What these companies are building—what the report calls “agents”—are AI systems capable of executing multi-step workflows without human intervention at each decision point. Not copilots. Not assistants. Agents. The distinction matters because it determines whether AI is, as the document puts it, “a productivity multiplier or a labor substitute.” The 2023 cohort built tools that required a human to approve every action. The 2025 cohort is building systems that escalate to humans only when they cannot proceed alone. The implication is directional and the document does not obscure it: “Fully AI Employees now months rather than years away.”

I want to stay with that sentence for a moment. Not to celebrate it, not to condemn it, but to ask what it means to write those words and then, four sections later, acknowledge that 30% of enterprise pilots were “killed by technical debt” when agents tried to integrate with the legacy Oracle, SAP, and Salesforce systems that actually run the enterprises they were meant to replace.

The answer, I think, is that venture capital reports are acts of persuasion before they are acts of analysis. This one is better than most—the section on ESG explicitly calls out labor displacement ethics as “intellectually dishonest” to treat as abstraction—but even good analysis operates within a frame. The frame here is: the threshold has been crossed, the category exists, the returns are available to those who invest correctly. Everything uncomfortable appears within that frame, subservient to it.

The formula, though, refuses to be subordinated. It sits in Section 6 like a splinter.

What the Arithmetic Does to the Argument

Here is the specific mechanism the report identifies as the sector’s central technical breakthrough: tool-calling error rates dropped from 40% to 10% between 2024 and 2025. The document calls this “not incremental improvement”—and it’s right. Going from failing four times in ten to failing once in ten is a genuine leap. It is the difference, as the report correctly observes, between a demo and a deployment.

But the formula transforms this progress into its actual implications. At 95% per-step reliability—better than the stated 90%—a ten-step workflow succeeds 60% of the time. A twenty-step workflow, 36%. A thirty-step workflow, 21%. These are the success rates for the multi-day, multi-action workflows that the sector’s $10 billion valuations are premised on capturing.

The pharmacy agent entering prescriptions. The insurance verification system classifying denials. The cybersecurity platform processing 80 million signals per day. Each of these is not a single action. Each is a chain of dependent decisions, and each link in the chain multiplies the failure probability of every other link.

The report acknowledges this. It then proceeds to argue, in its investment thesis, that the threshold has been crossed for “enterprise viability.” Both of these things cannot be entirely true. What the report is actually describing—though it does not quite say this—is a sector premised on the bet that reliability will improve fast enough, and that the workflows enterprises deploy agents on first will be short enough and forgiving enough, that the arithmetic doesn’t become visible before the switching costs have locked customers in.

That is not fraud. It is a thesis. But it is a different thesis than “the threshold has been crossed.”

The Labor It Displaces

I want to be direct about the workforce question in a way the report is not, even though the report is more honest than most.

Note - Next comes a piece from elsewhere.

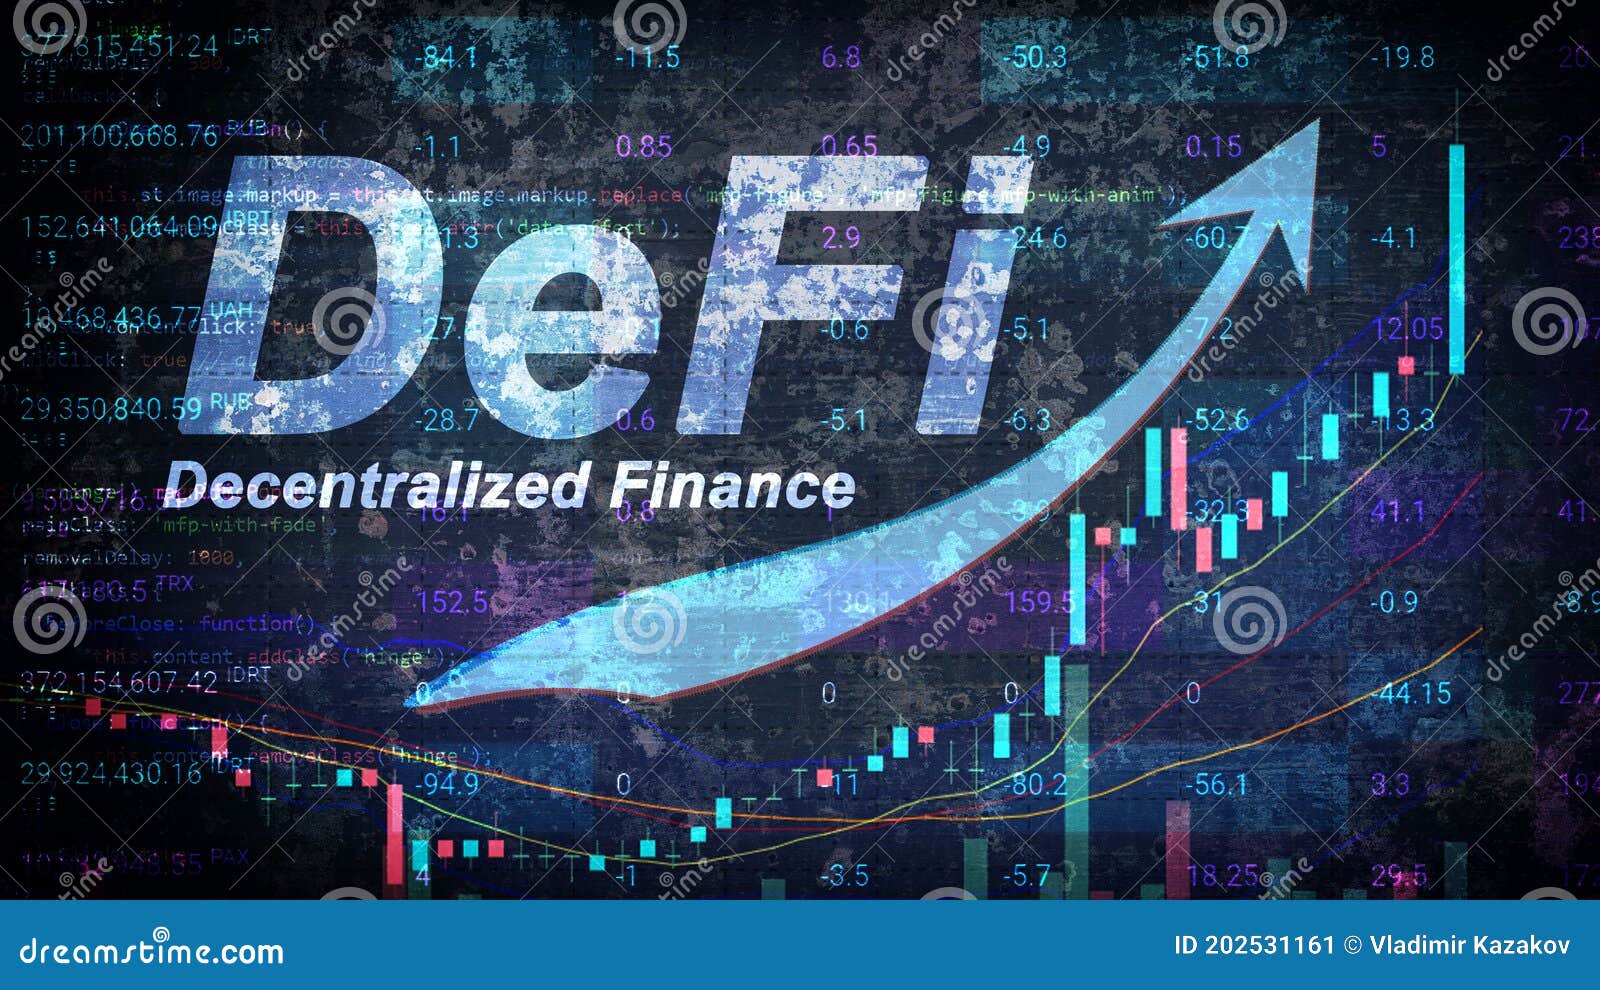 defi is a decentralized finance that is gaining popularity and hype.

The document frames agentic AI valuation on “potential to capture the total labor value of the functions they automate.” Customer experience labor in the US: approximately 3 million workers at median fully-loaded cost of $55,000 each. That is $165 billion in labor spend. The report calculates this cleanly and correctly labels it the “theoretical outer bound.”

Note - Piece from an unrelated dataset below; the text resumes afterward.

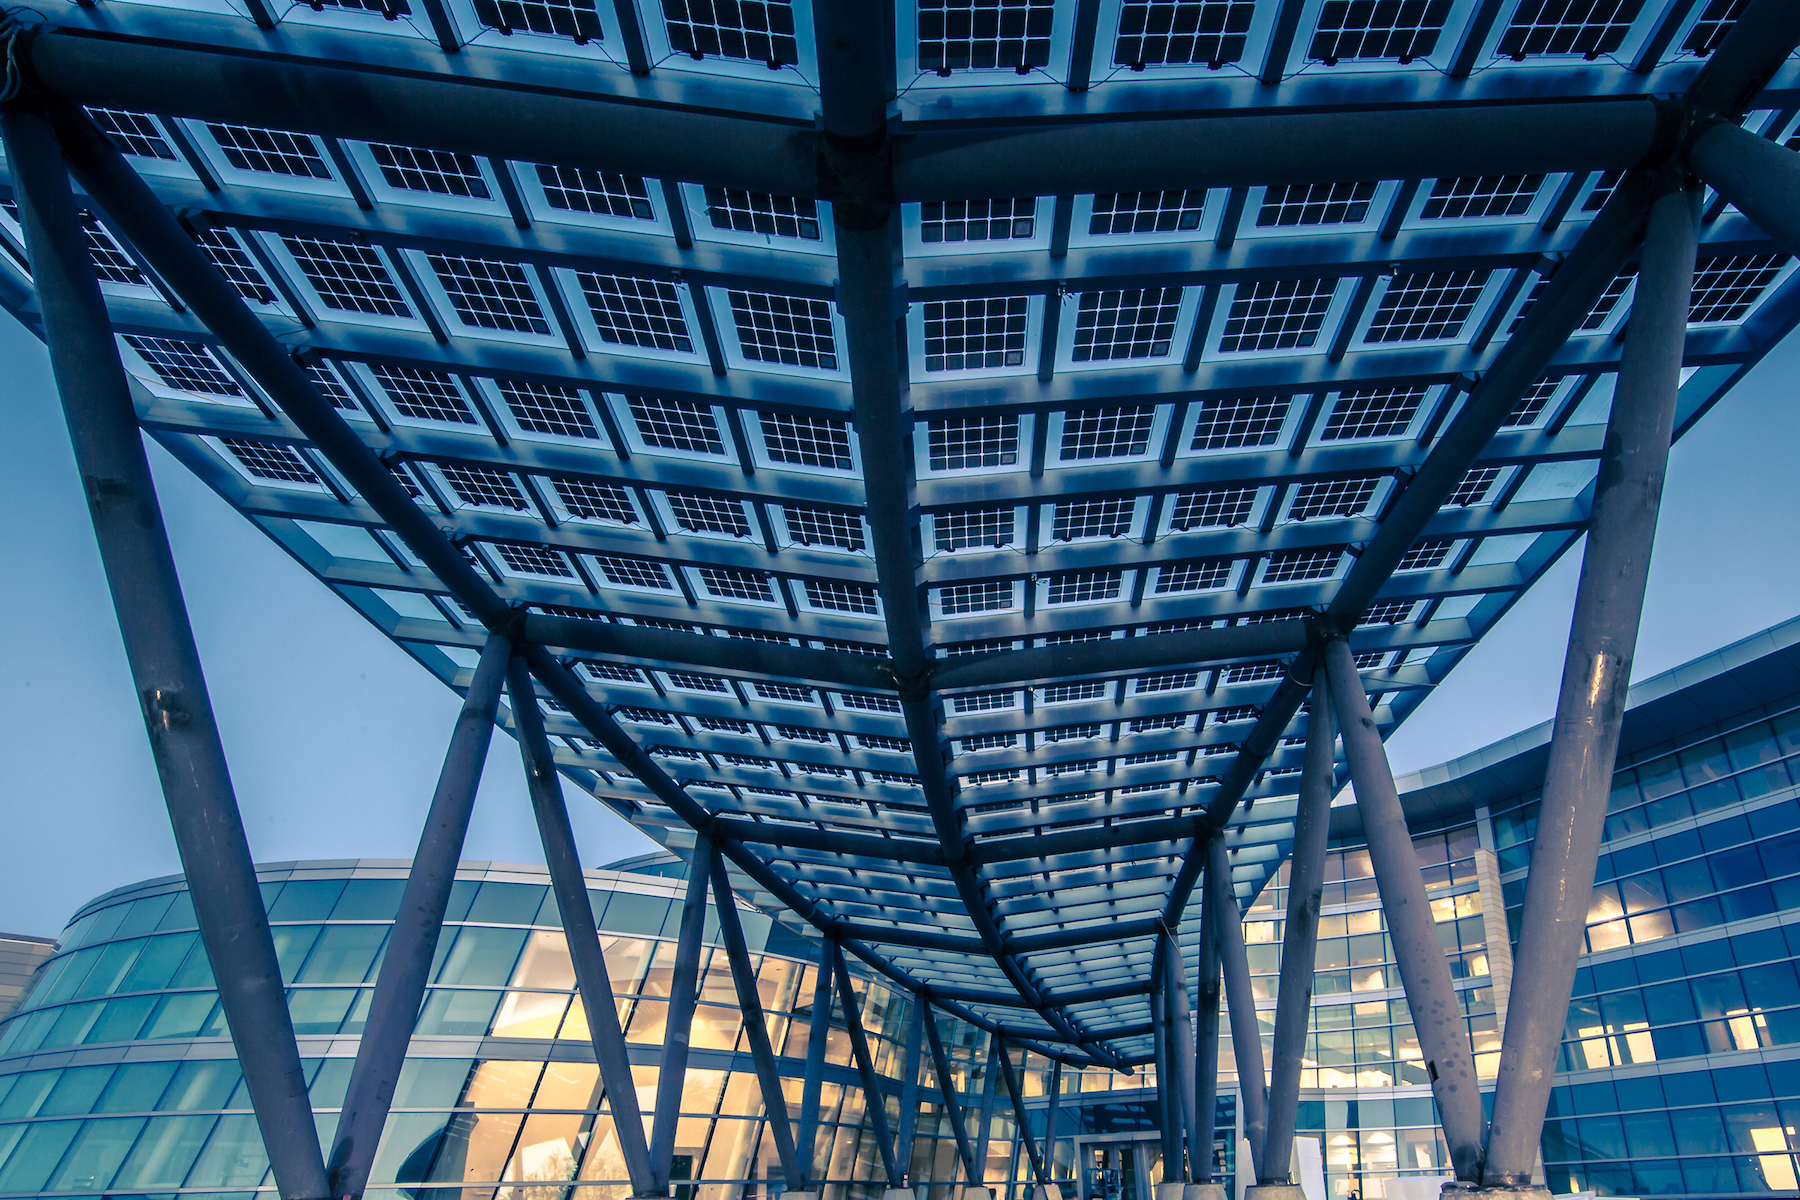 BIPV glass modules can be used with virtually any glass substrate or low-e coating to achieve desired aesthetics. Photo courtesy of Vitro Architectural Glass

What it does not do is ask what happens to the 3 million people.

This is not an oversight. It is a genre constraint. A venture capital due diligence memo is not obligated to concern itself with the workers whose displacement generates the returns. The ESG section notes, to its credit, that “investors in this sector are making a bet on workforce displacement at scale” and that treating this as “a social impact abstraction” is “intellectually dishonest.” Having named the thing, though, the document does not pursue it. It documents it and moves on to the financial model.

I am not moving on.

The document profiles VoiceCare AI as a solution to the fact that 70% of US pharmacy locations are understaffed. This is presented as solving a labor mismatch. Look at what is actually being described: pharmacies cannot find or retain enough workers, so the solution is to replace the workers who would have been hired with an AI system that processes prescription intake at scale. The labor mismatch is solved by ensuring that there is no longer a demand for the labor. The workers who might have filled those roles—the ones the shortage was supposedly preventing—are not mentioned after the problem statement.

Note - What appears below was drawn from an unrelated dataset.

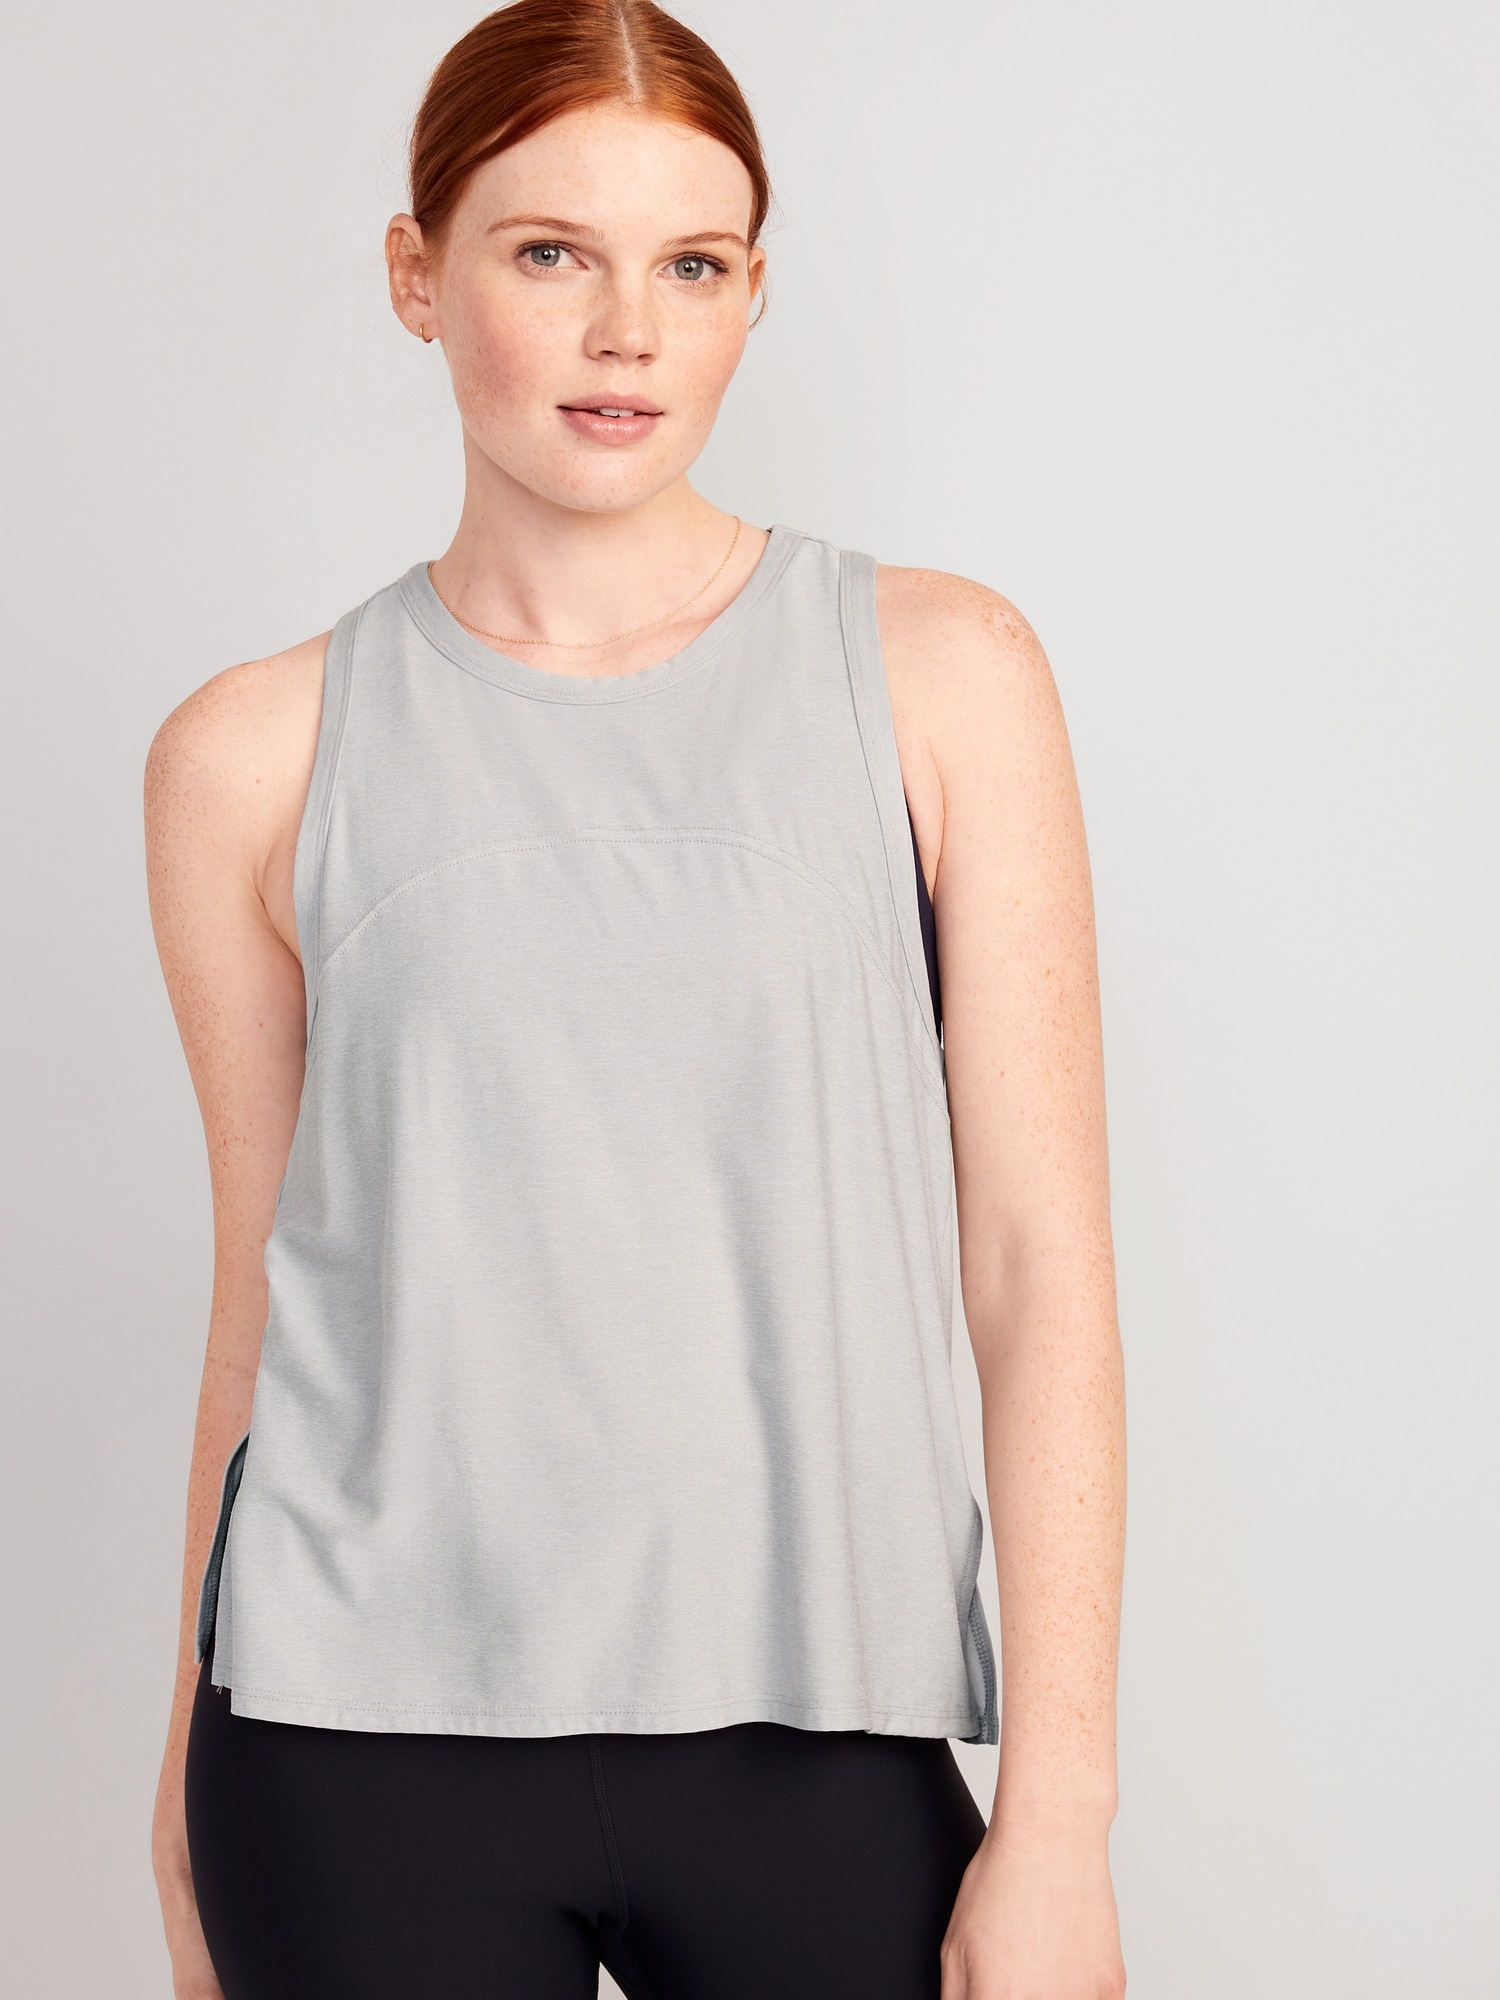 Women\'s Loose Tops Tank Fit Old Navy

This is not a conspiracy. It is the logic of capital. But a sector that will process $6.7 billion in annual funding while replacing millions of workers deserves to have that logic named rather than implied.

What the Moat Actually Is

The report’s most analytically precise section concerns competitive advantage, and here the document earns its ISE designation. The central claim: “The model is not the moat.” Anthropic’s $183 billion valuation and OpenAI’s $500 billion are not entry points; they are incumbent costs that define the competitive landscape within which the applied agent layer operates. The viable moat strategies are switching costs, data flywheels, and counter-positioning against incumbents who cannot copy the challenger without breaking their existing business.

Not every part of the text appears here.